I am currently working on a small games which takes palce in a semi-urbanized setting, here's a few reference photos to give you a feel for the kind of environment:
http://koobazaur.com...pics/city01.jpg
http://koobazaur.com...cityscape04.jpg
http://koobazaur.com...tystreets05.jpg
http://koobazaur.com...tystreets08.jpg

Of course, the first thing that daunted at me is the sheer amount of house meshes I will need, the amount of effort in making them and, worse, the eventual sense of "repetition" as you walk down the streets. And so, I thought - why not generate the cities using tiles? Most of the existing 3D tile engines I've seen (which there aren't many of) use a really big tile. NWN and Dungeon Siege both define a tile as an entire house or a structure. But I wanted a finer detail than that; houses, themselves, made of different tiles, arranged according to a tile-based, "floor plan." A throwback to old iosmetric games, but in full 3D!

Pros:
- Easy and fast to create world
- Randomization and proceduarl generation
- Easy fading away / hiding "upper floors" to not obstruct player's view
- Easy to partition world into "inside" and "outside" tiles with "transition" tiles like doors or windows
- Low memory footprint of the layouts, meaning potentially huge world, or even single-thread loadless streaming that takes less than a frame!

Cons:
- Purely procedural generation is too random (looks unrealistic!) - needs a lot of restrictions
- "Blocky" design with everything orthogonal to each other. Diagonal tiles are not enough to break this monotony.
- Making more complex patterns require specialized tiles, and sometimes a series of specialized tiles next to each other - cumbersome
- Poor handling of gradual vertical differences (want to build a house on an incline? forget about it!)
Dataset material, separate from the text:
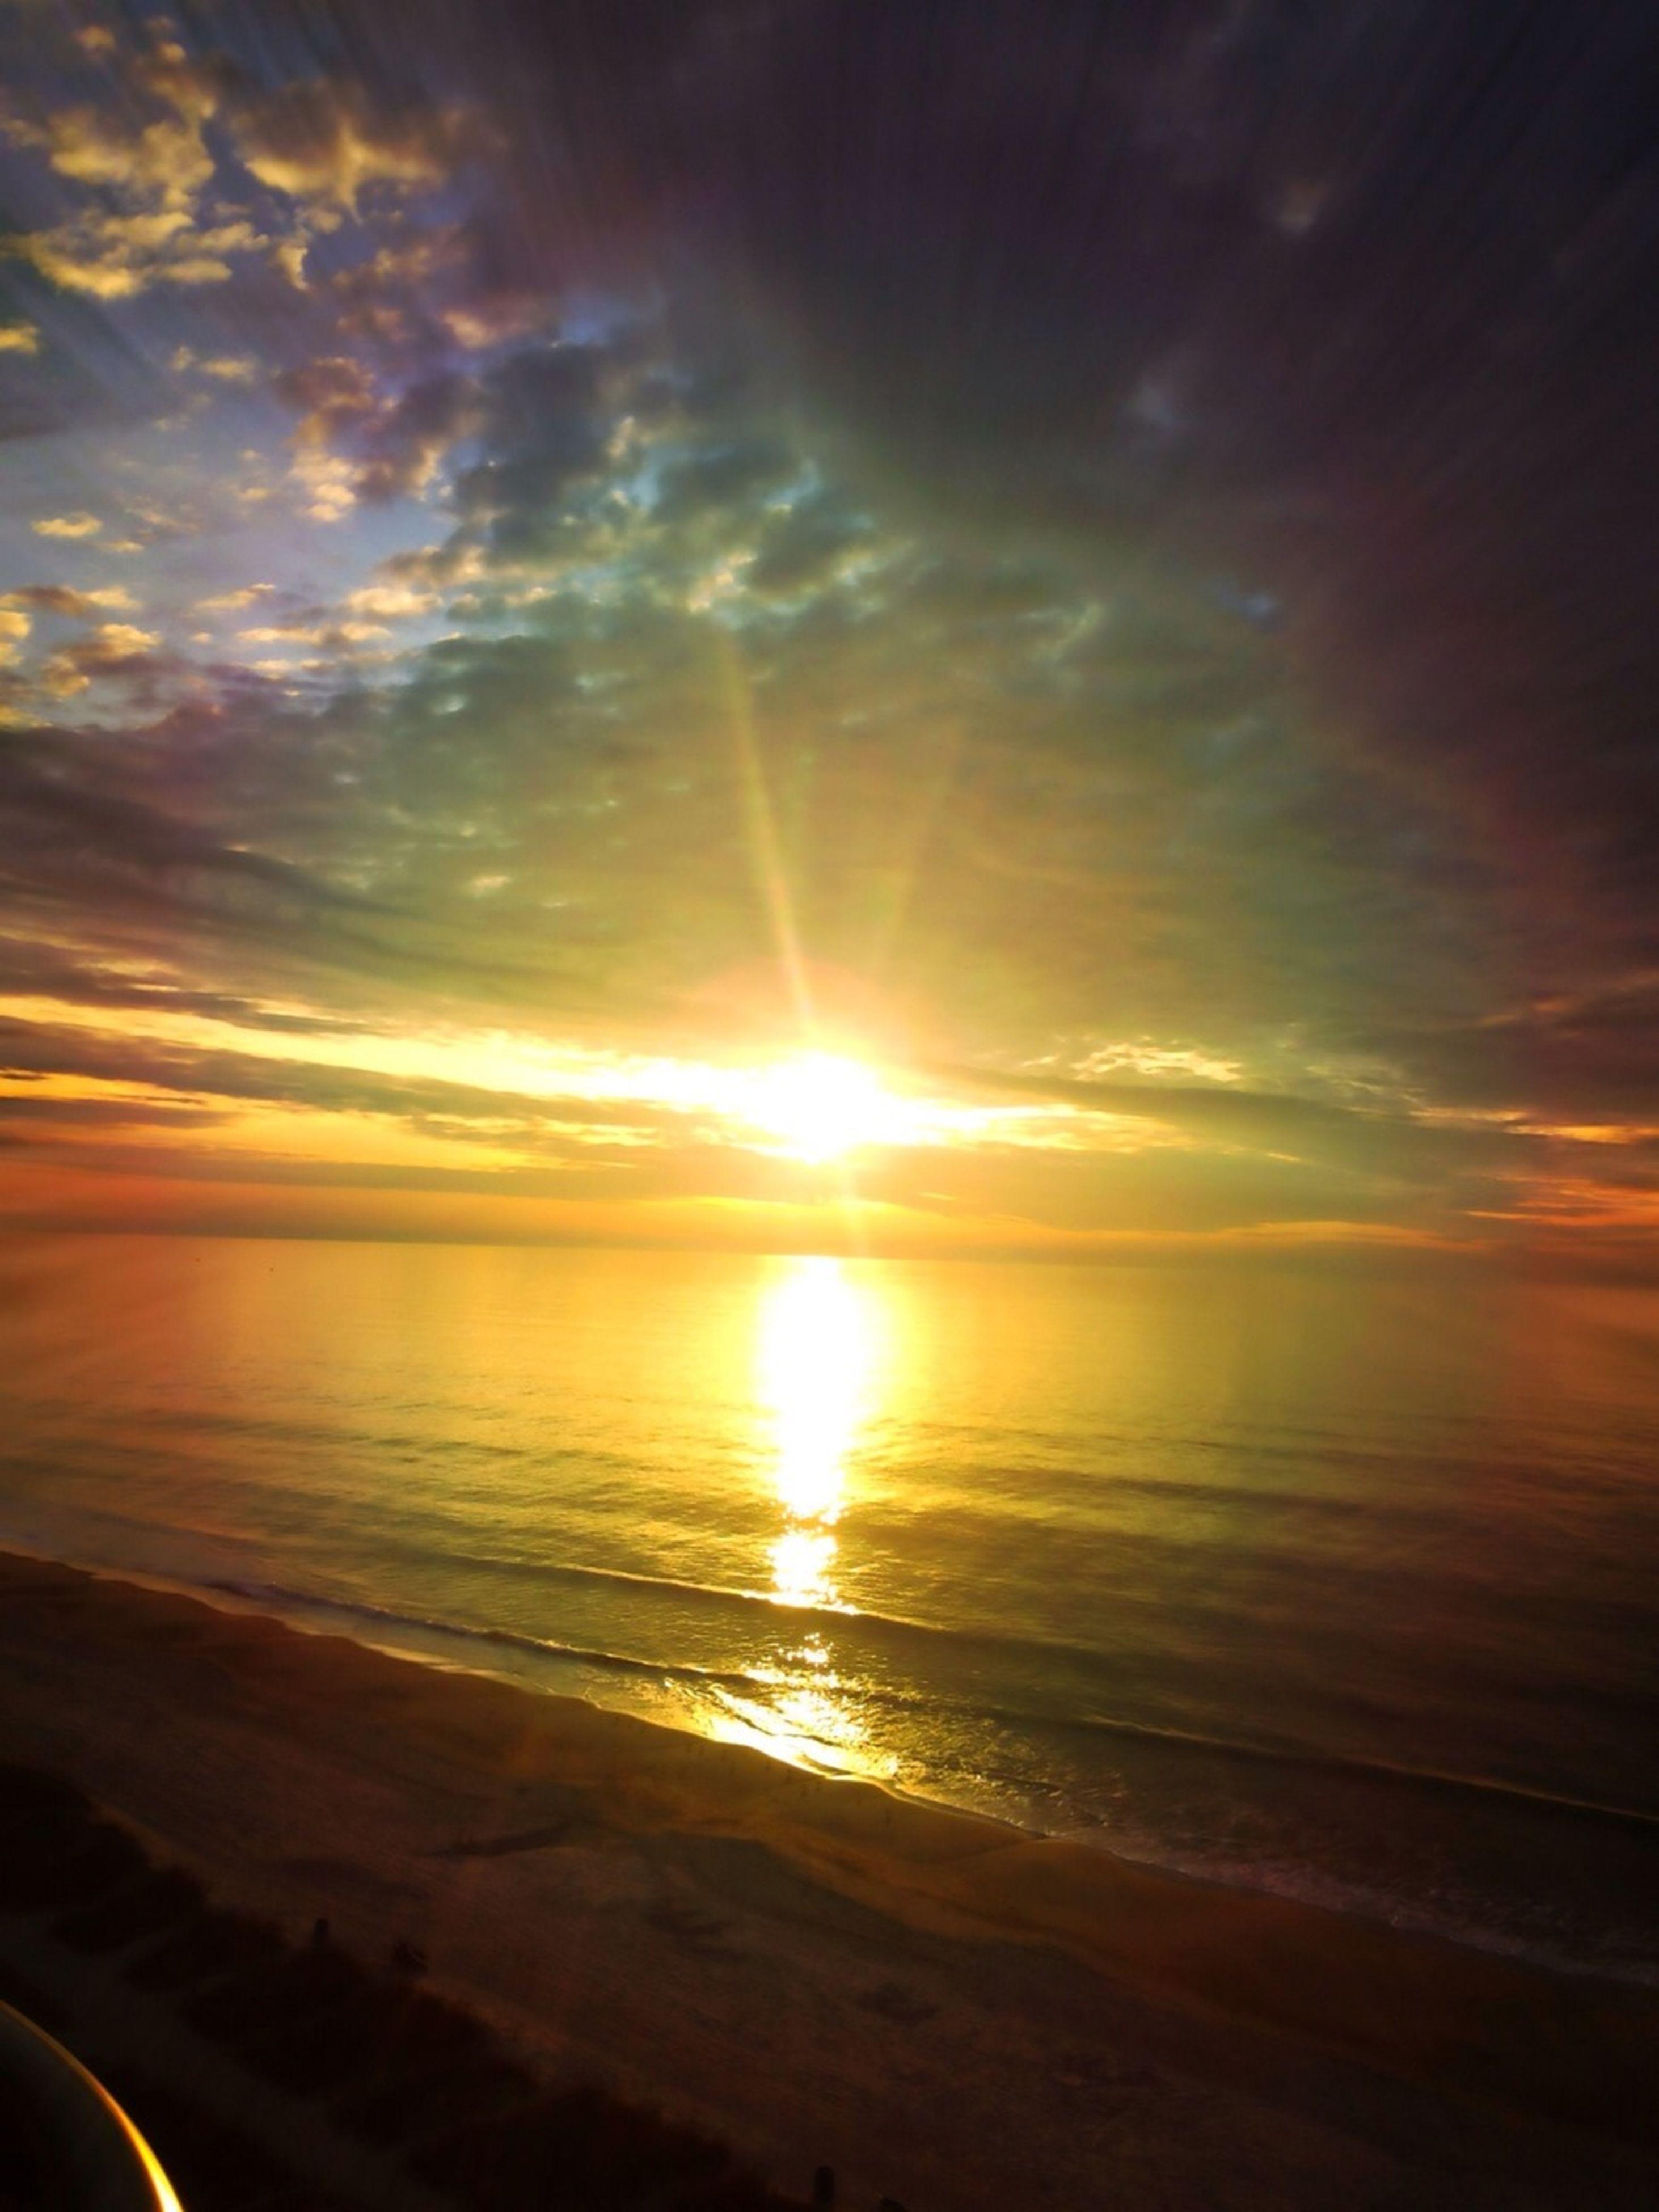 sunset, sea, horizon over water, sun, beach, water, scenics, beauty in nature, tranquil scene, sky, shore, tranquility, reflection, idyllic, orange color, nature, sunlight, cloud - sky, sunbeam, sand

Regardless, I went to coding. Here is what my current test-implementation looks like, with randomized tiles:
http://koobazaur.com...e_tile_test.jpg

Now, while I was at a point where I desperately needed to create more tiles for more variety, I started to doubt the viability of the tile engine, mainly due to technical issues. Consider that the typical, 4-story house I tested with has dimensions of 4x3x4, meaning it's made of 3*4*3 = 36 tiles, plus a roof. Rounding it up for extra details, a single house could be made of ~= 40 tiles = 40 meshes. Multiply that by a few tens of houses, and rendering all that is no small feat! A scene such as this:

http://koobazaur.com..._tile_test2.jpg

Was enough to drop my framerate to 20fps, and that's without any other objects to render, and no real physics, AI or even game logic. I've spent the past few days experimenting, researching (what little there was) and realized that a 3D tile engine would neccessarily suffer from the following technical issues:

No LODing
- Can't "LOD away" tiles, if you see 40, you have to render 40
- LODing individual tiles not beneficial since they are usually already fairly low poly
Low poly tiles
- With so many tiles to draw, the only viable techniques are Instancing or Dynamic Batching
Low rez textures
- With so many tiles, you end up with a lot of texture and shader switches;
Instance data building overhead and poor culling performance
- If you see 30 houses, that is 30*40 = 1200 instances which all need their own instance data (instead of just 30 with single mesh)!
- In my benchmark, with around 50 houses, I reached a point where, if I saw only half of them, it actually took longer to build the instance data than to render it!
No efficient caching method
- Impractical caching of per-frame instance data - due to fine granularity of your world, even small camera movements will lead to big fragmentation of your cached data
- Impractical one huge static buffer: huge overhead due to overlapping vertices at tile corners you cant weld away due to different UV coords.

Conclusion
And so, the only viable games are steep-angle isometric games (RPG or RTS with limited camera). Think NWN, Dungeon Siege, Starcraft 2 etc.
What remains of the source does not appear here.